Pemerintah sudah melakukan analisis dan berbagai perhitungan untuk menjaga stabilitas harga komoditas utama, baik dari sisi produsen maupun dari sisi konsumen. Perhitungan yang dimaksud, dengan melakukan intervensi pemerintah disaat kondisi harga mulai tidak stabil. Salah satunya dengan memobilisasi daging dari sentra produksi sampai ke pasar, hal sama juga berlaku untuk cabai .

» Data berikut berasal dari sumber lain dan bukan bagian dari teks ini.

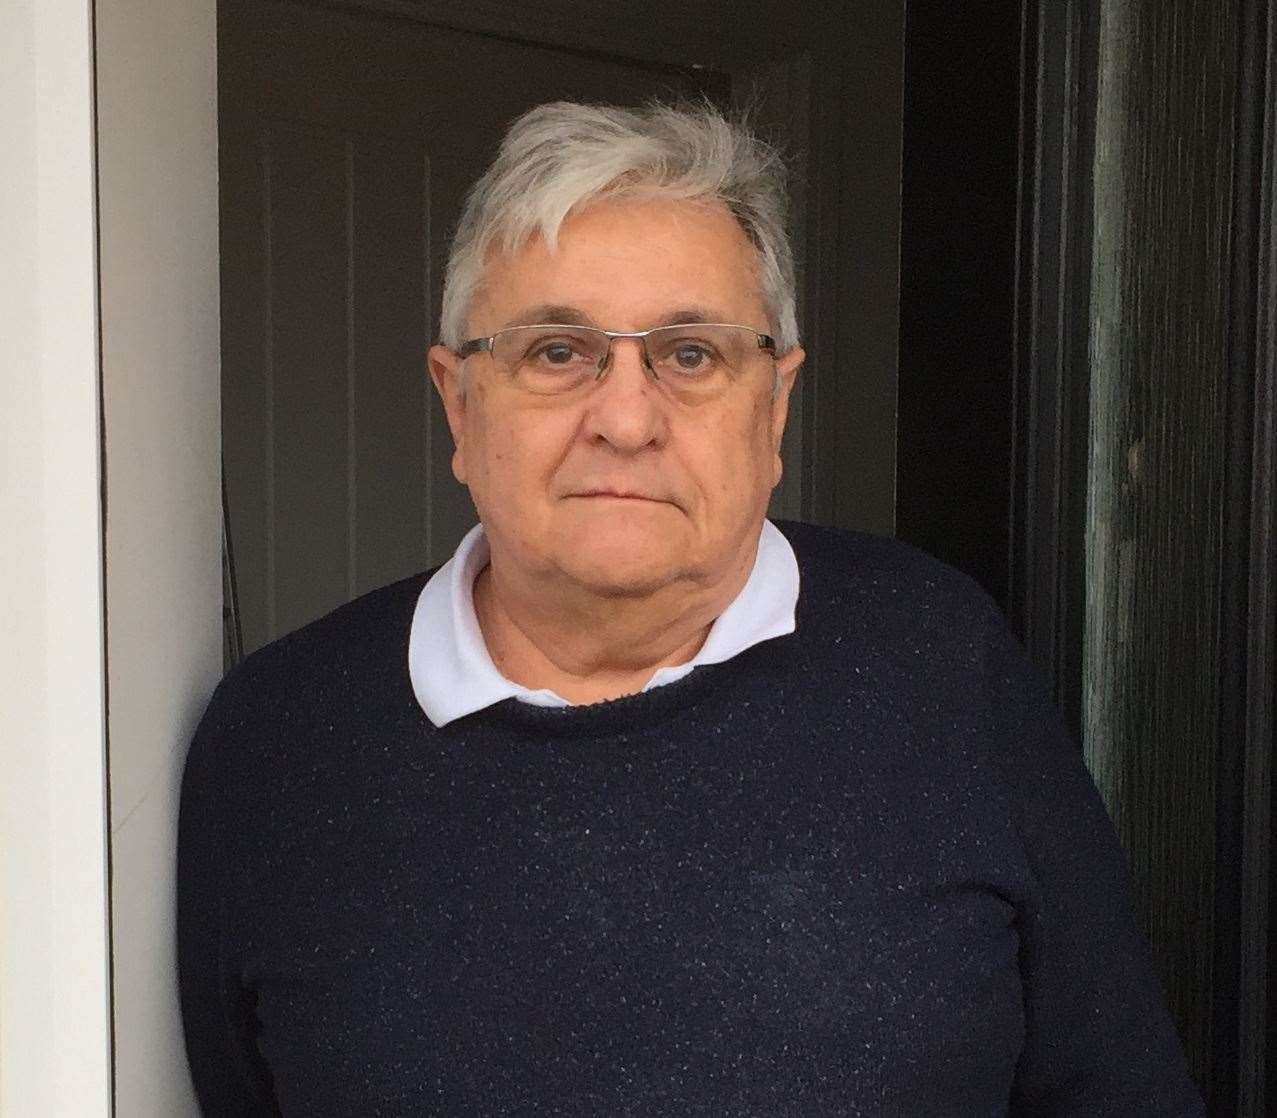 Jeremy Shand, 67, has concerns about vandalism in the area

“Begitu juga dengan komoditas cabai yang naik karena faktor cuaca. Kami intervensi sehingga masyarakat bisa membelinya dengan harga yang murah. Dan kami pastikan dalam waktu dekat ini harga cabai akan turun,” kata Kepala Badan Ketahanan Pangan Kementerian Pertanian (Kementan), Agung Hendriadi di Jakarta, Kamis (8/4/2021) seperti dilansir dari Sindonews.

Di samping itu, pemerintah secara rutin memonitoring situasi dan pergerakan harga di lapangan yang dilakukan selama 2 minggu sekali. Hasil monitoring ini selanjutnya dicocokkan dengan data yang dimiliki Badan Pusat Statistik (BPS).

“Oleh karena itu segala macam upaya kita lakukan. secara continue kita melakukan pertemuan rutin dan melakukan intervensi antar lembaga pemerintah, sehingga kenaikan yang terjadi tidak lebih dari 10 persen,” katanya.

“Secara nasional ketersediaan pangan kita aman. Bahkan pemerintah sudah melakukan perhitungan perhitungan sampai bulan Mei atau paska lebaran. Tentu kewajiban kami adalah menjaga harga di tingkat produsen maupun konsumen. Dua hal ini yang kita jaga bersama jajaran Kemendag,” sambung Agung.

Pengamat pangan IPB sekaligus Ketua Asosiasi Bank Benih dan Teknologi Tani Indonesia (AB2TI), Dwi Andreas Santoso mengatakan, bahwa dalam waktu dekat kondisi harga komoditas cabai di pasaran secara perlahan akan berangsur rurun.

Menurut Dwi, kenaikan yang terjadi selama ini merupakan sirklus musiman biasa yang disebabkan cuaca ekstrem seperti curah hujan tinggi. Sirklus ini bahkan sudah diamati sejak 7 tahun terakhir, dimana setiap puasa dan lebaran harga komoditas utama seperti cabai, bawang dan ayam potong akan mengalami kenaikan.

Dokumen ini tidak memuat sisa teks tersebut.